Please, without any pictures, set down exactly the part of the listing below that opens with the line containing "Brassavola nodosa 'Spring'" and closes with the line containing "Disney Box Of 3 Briefs - Underwear".

■ Exercise data:
================================
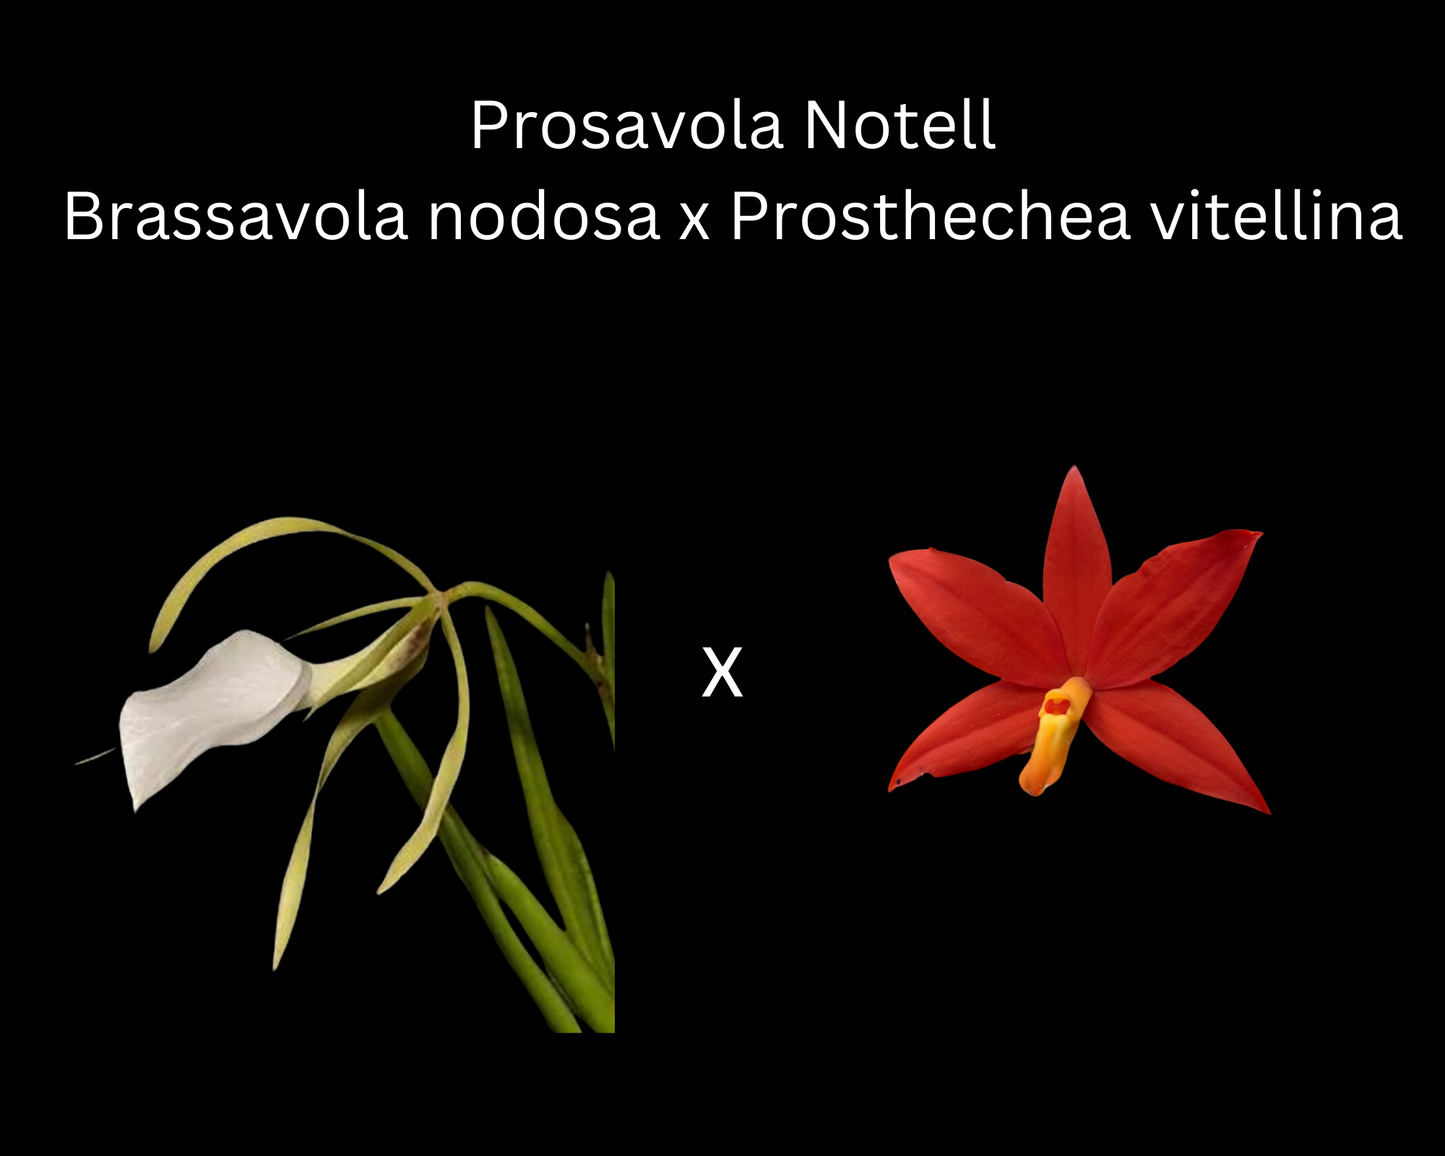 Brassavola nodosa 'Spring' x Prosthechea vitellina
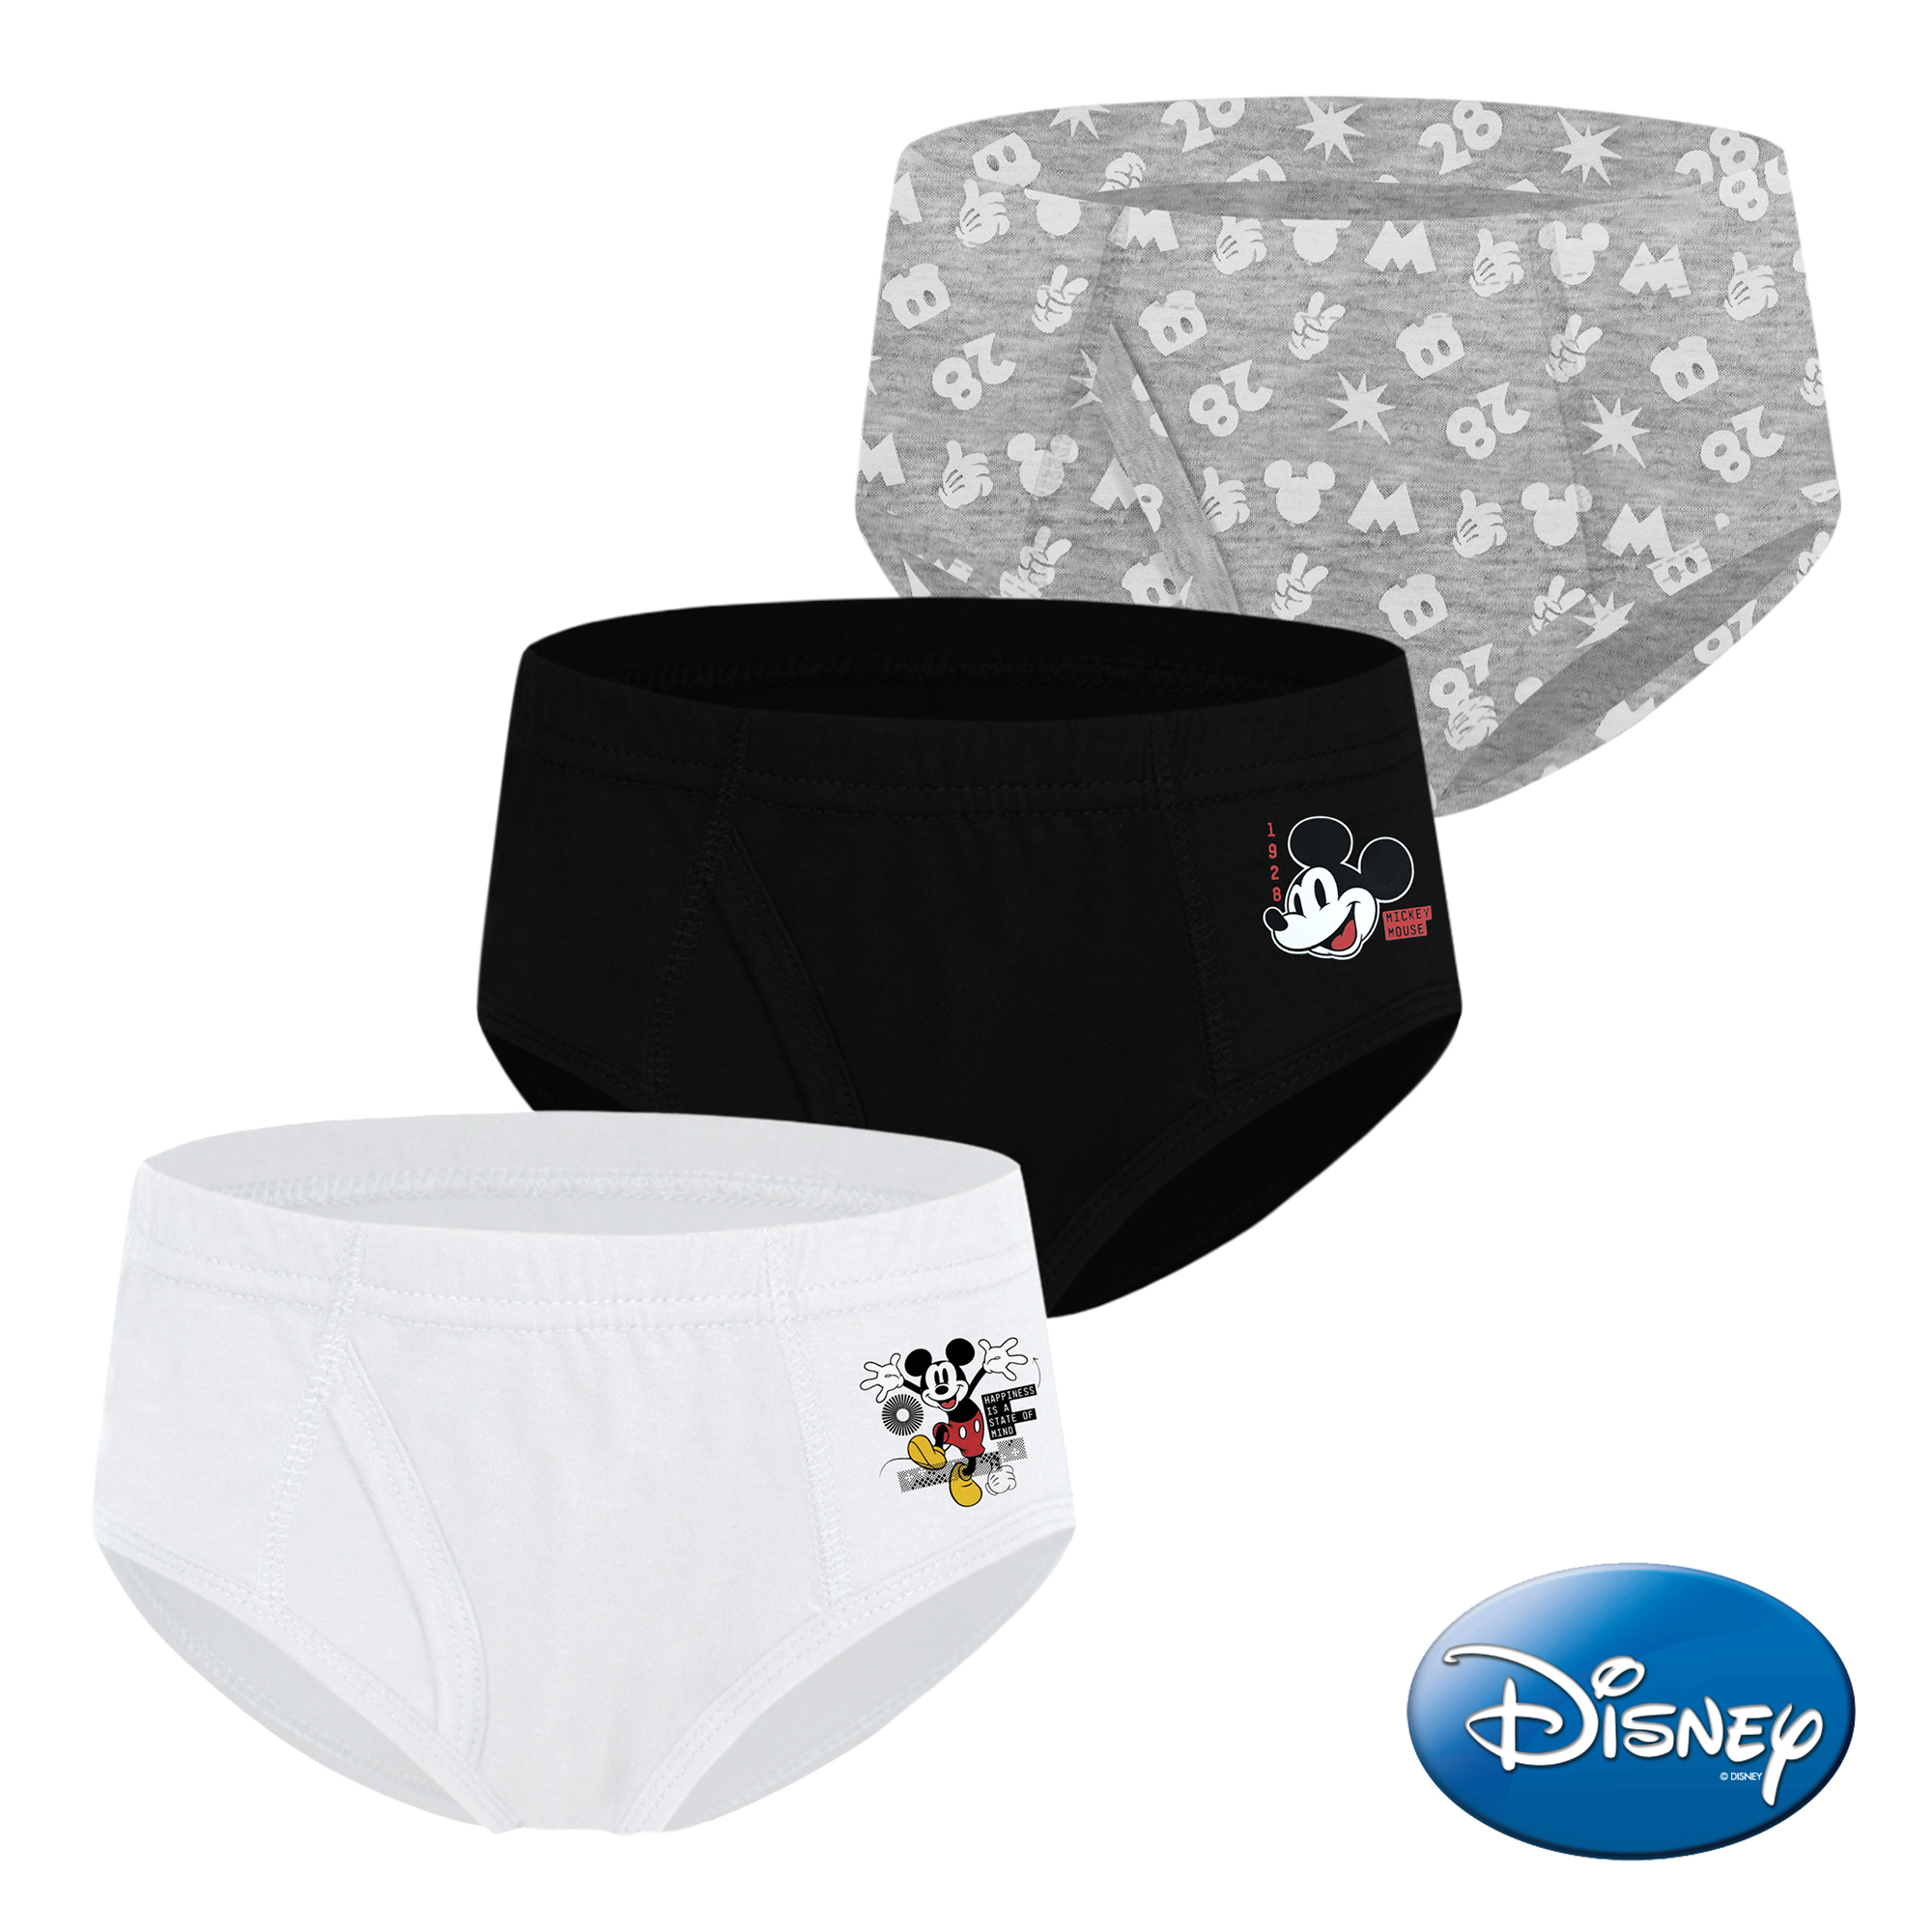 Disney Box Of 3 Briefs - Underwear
================================
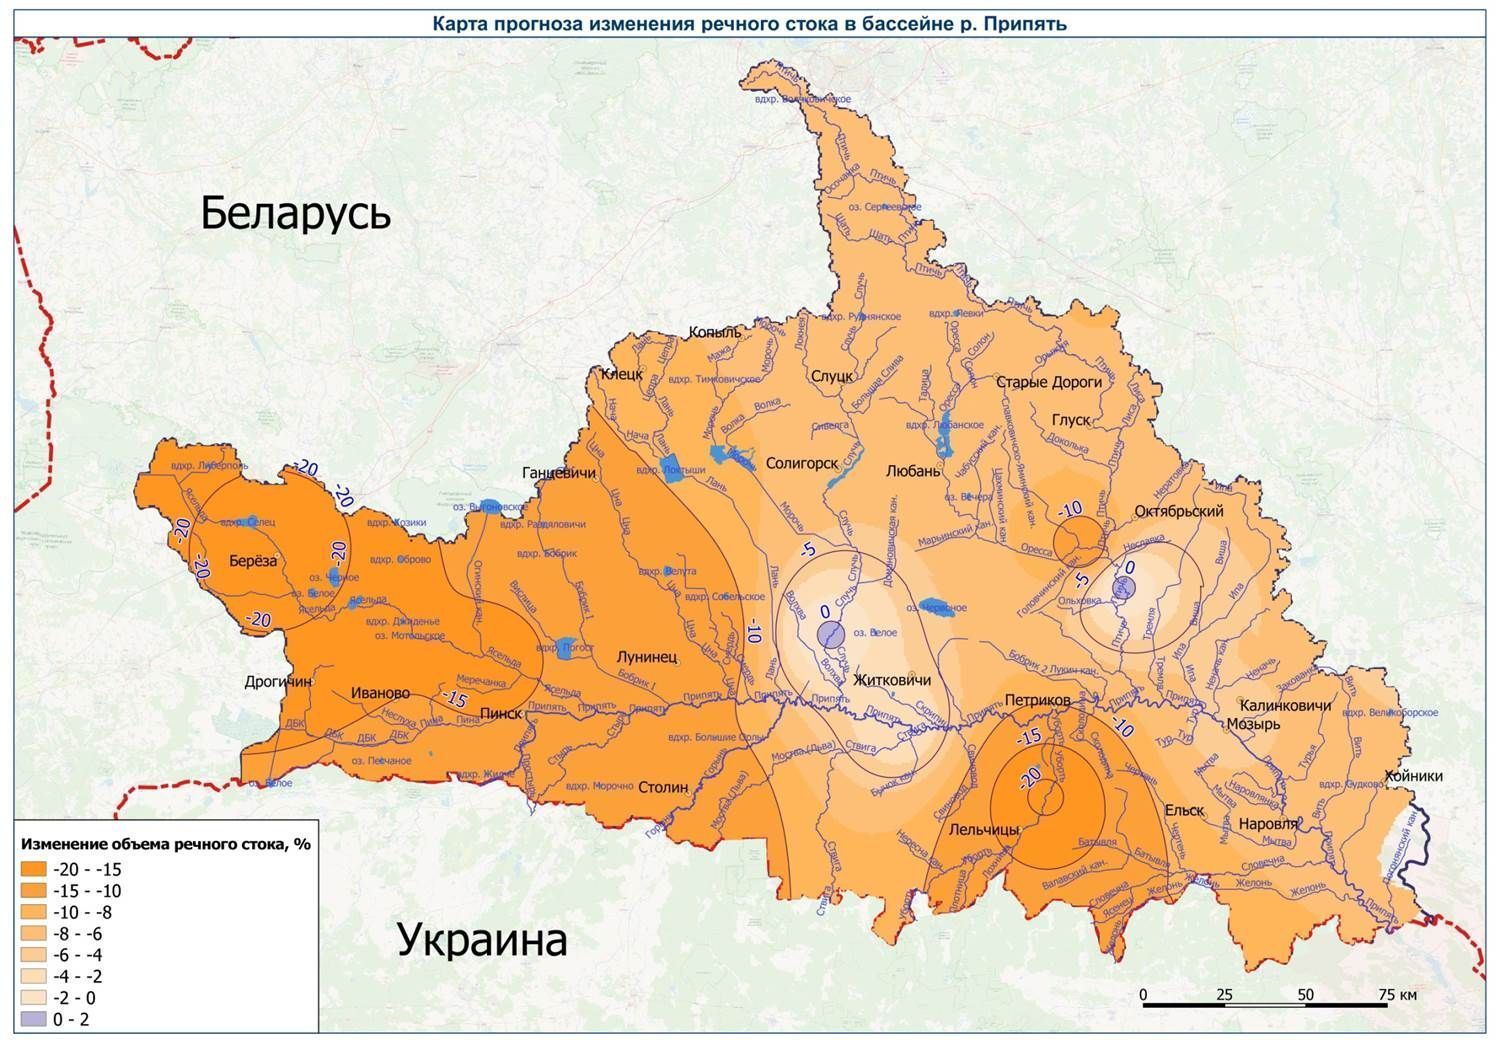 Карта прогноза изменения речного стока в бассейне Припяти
================================
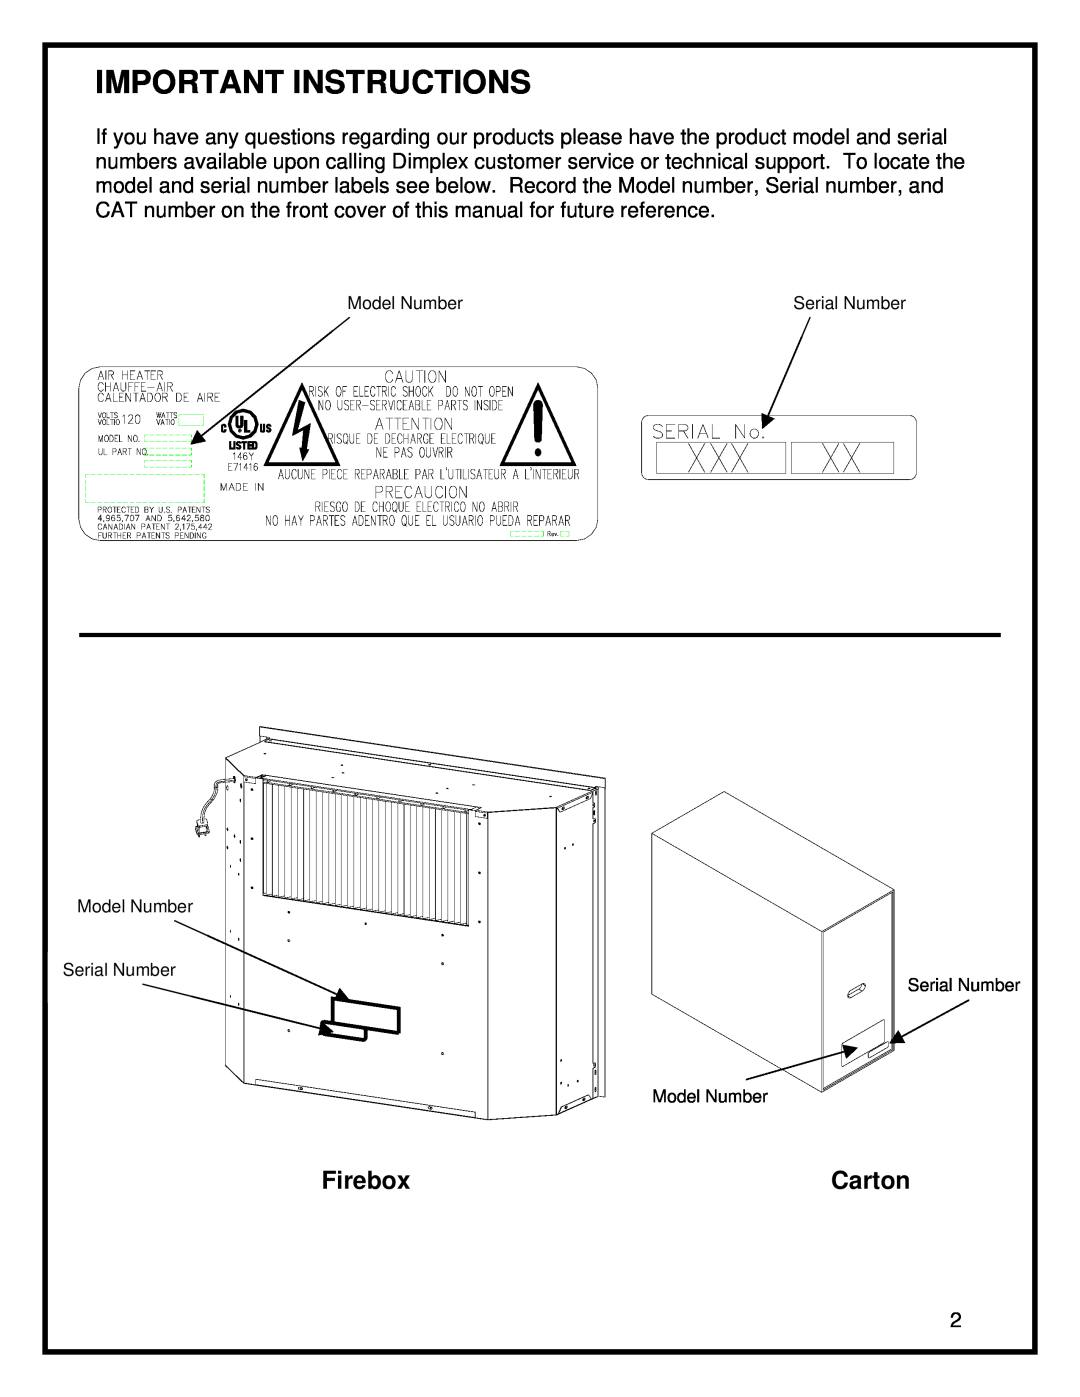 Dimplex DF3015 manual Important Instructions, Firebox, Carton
================================
■ Answer to the exercise:
 Brassavola nodosa 'Spring' x Prosthechea vitellina
 Disney Box Of 3 Briefs - Underwear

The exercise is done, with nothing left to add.